Again, we are faced with racism and discrimination from a more prominent race. I bet Mr. Whitteaker doesn't complain when he goes to any chain restaurant to scarf down gravy-doused plates of food the Mexican kitchen staff diligently prepared for him. If he resided in south city, would his fight against overpopulation be directed at the more prominent Bosnian race? There is no telling where his next adventure will lead.
I will also take my money elsewhere. Rather than driving through his trashy town to visit my mother in her luxurious west-county condo (which she has owned for the last fifteen years), I will choose a more inconvenient route and avoid driving through that miserable stretch of Highway 141.
Yes sir, Mr.
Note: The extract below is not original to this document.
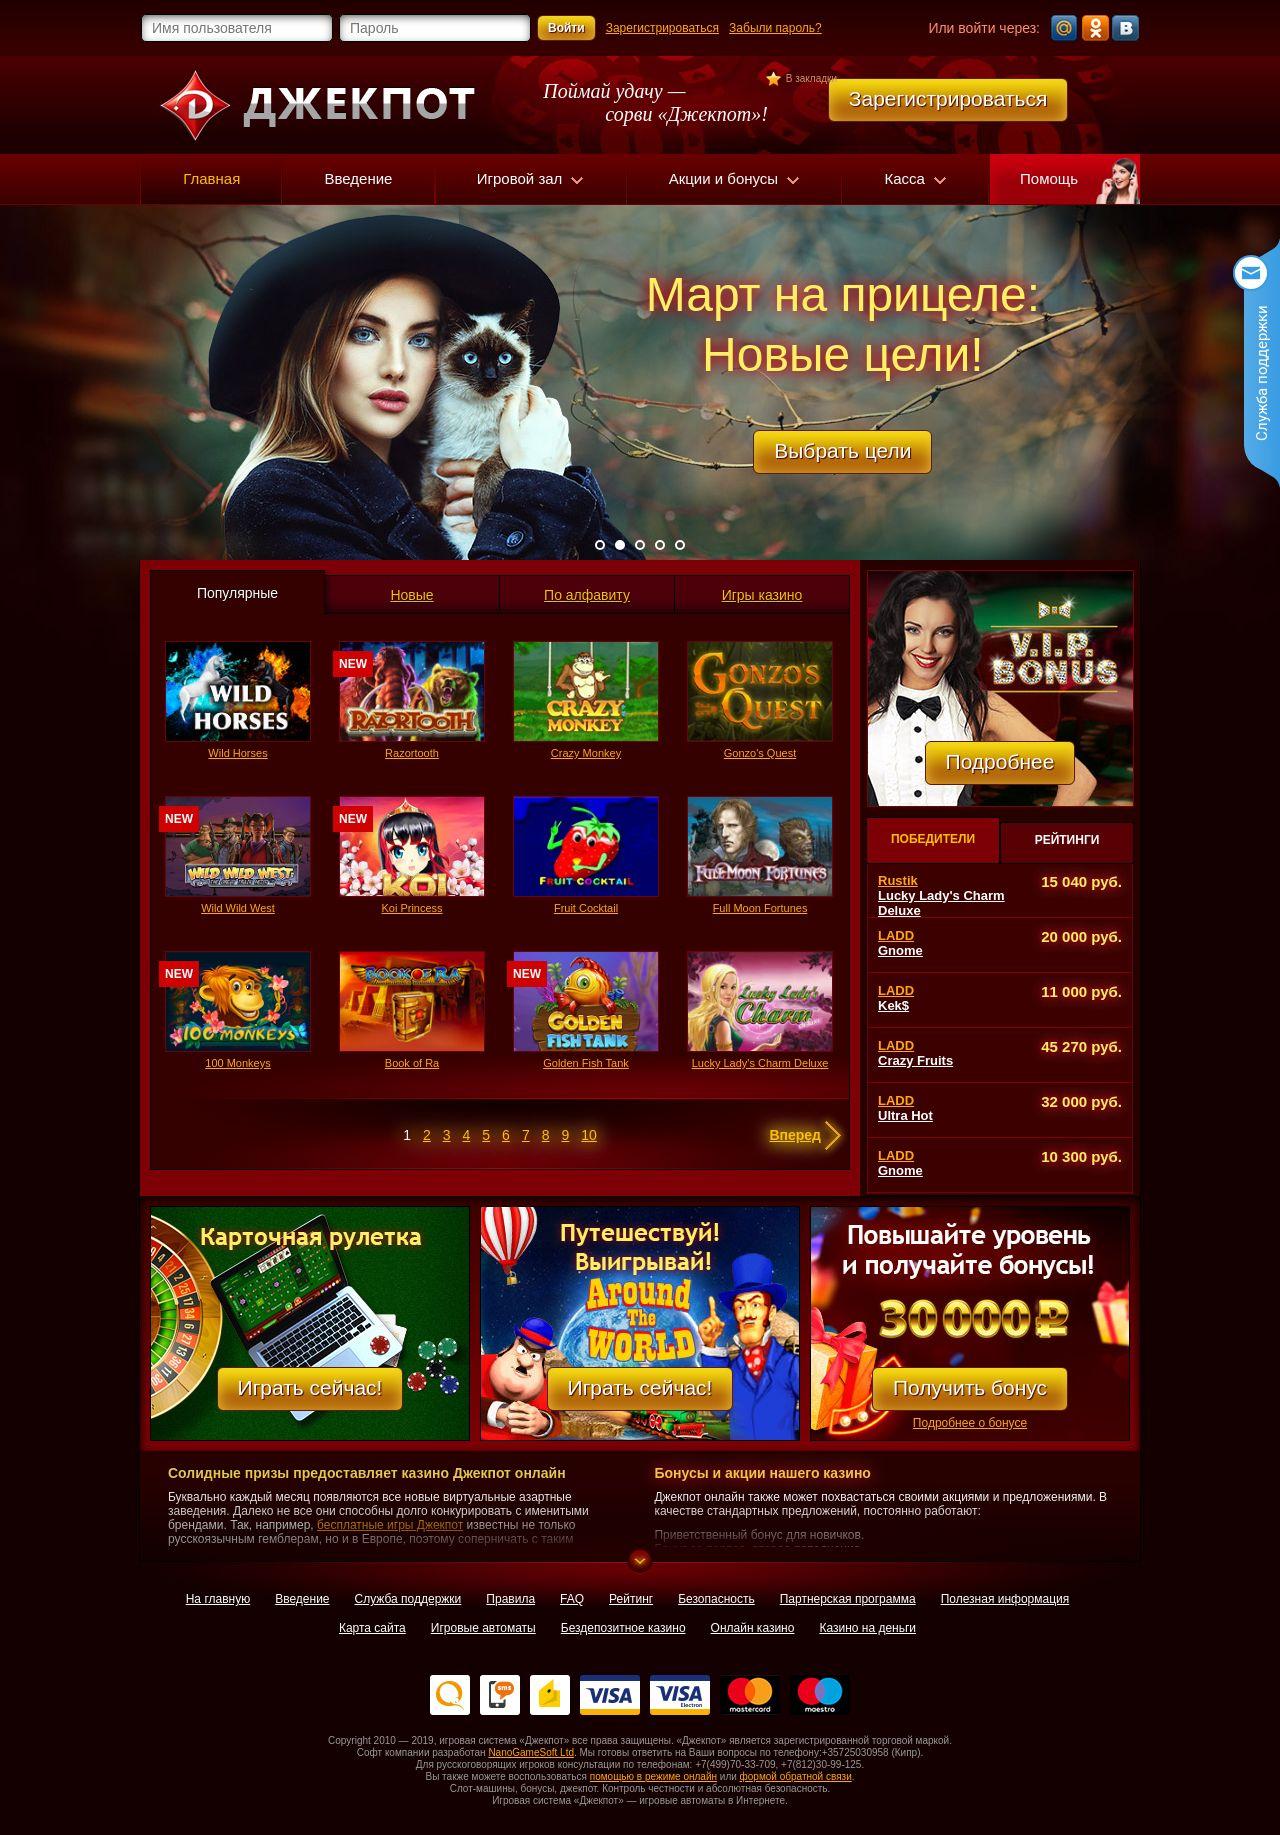 Jackpot casino contact us

Whitteaker, you sure put Valley Park on the map, as the Missouri equivalent of Granite City.
Nelson Labrador, Ballwin
Owing to an editing error, we left out a sentence from last week's feature, "Bow to Your Sensei." A passage near the end of the penultimate section should have read:
Says Andre: "I'm like a retired dog. I see other dogs fight; it makes me want to get back in. But I got too much other stuff going on to just be jumping back in the cage."
He has a bodyguard company, Professional Protective Services, his two gyms and also a fighter training program. Those interested in joining receive an information packet that contains a list of 32 rules, ranging from moral imperatives like telling the truth ("Rule 1: Lies are the tools of weak cowards") to hygiene requirements ("Rule 20: Shower at least twice a day on training days").
While we're at it, Leah Jordan of the Slaughter Project wrote to tell us she'd forgotten to include a credit when she sent the photo we ran in Night & Day the week of March 22. The photo should have been credited to Erin Storm of Storm Studios in Edwardsville.